Given data:
++++++++
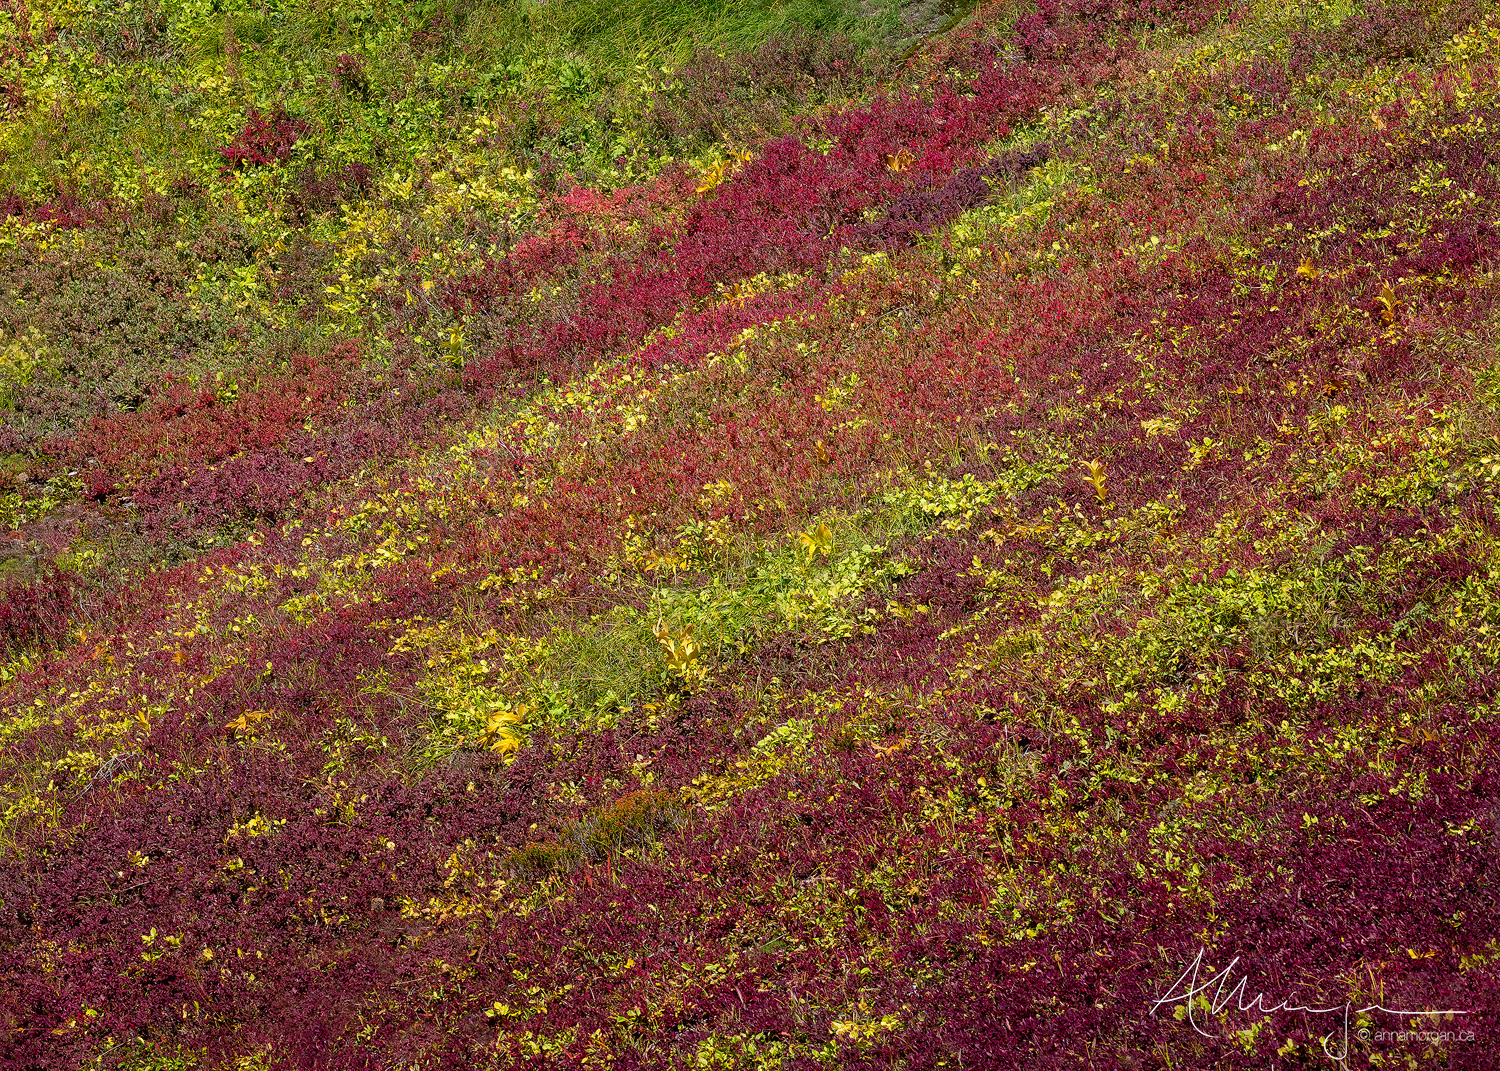 Scarlet and Gold colours blanketthe slopes of the mountains in the North Cascades National Park in Autumn
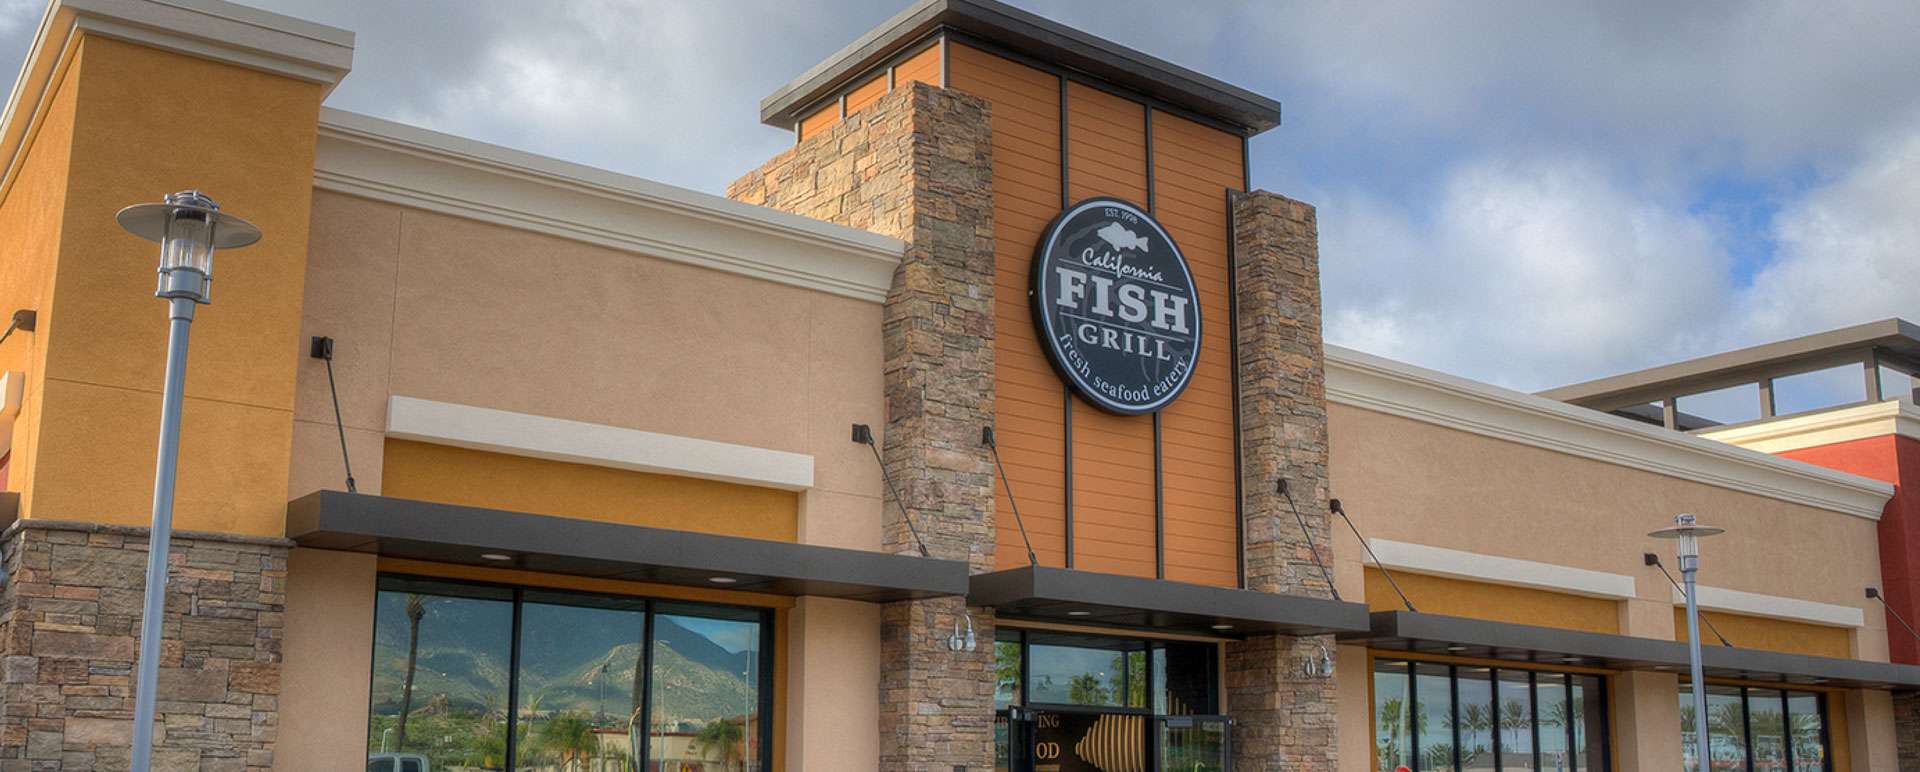 Velocity Retail Brings California Fish Grill to the Phoenix Area with 1st Store 2
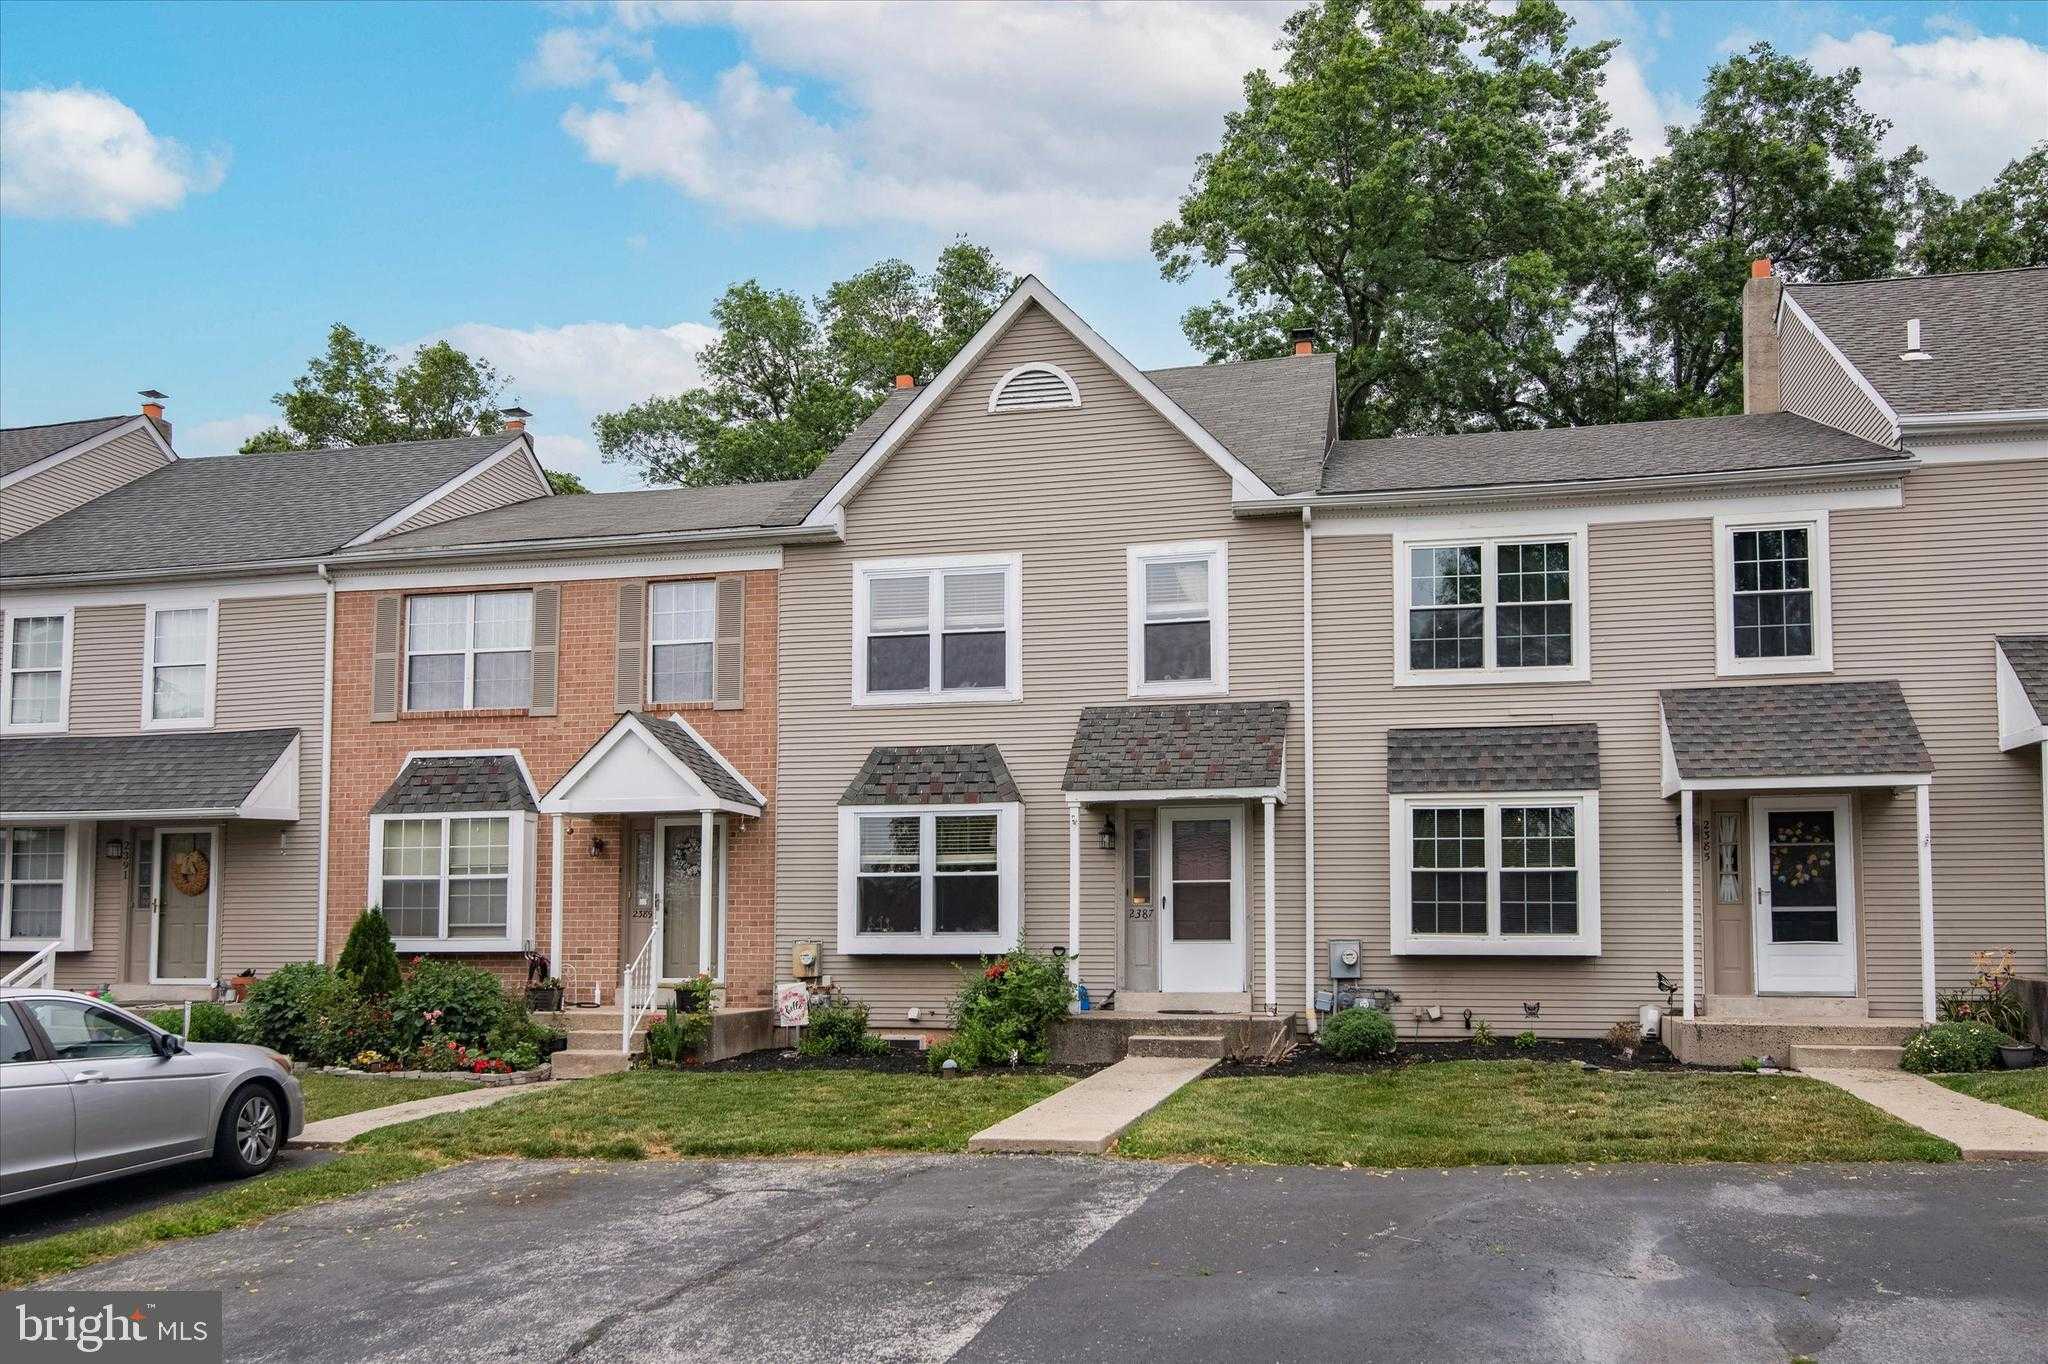 View NORRISTOWN, PA 19403 townhome
++++++++
About this exercise:
Your task is to reproduce exactly the lines from the one that holds "Velocity Retail Brings" to the last line of the listing, and only those, omitting the pictures.

Expected answer:
 Velocity Retail Brings California Fish Grill to the Phoenix Area with 1st Store 2
 View NORRISTOWN, PA 19403 townhome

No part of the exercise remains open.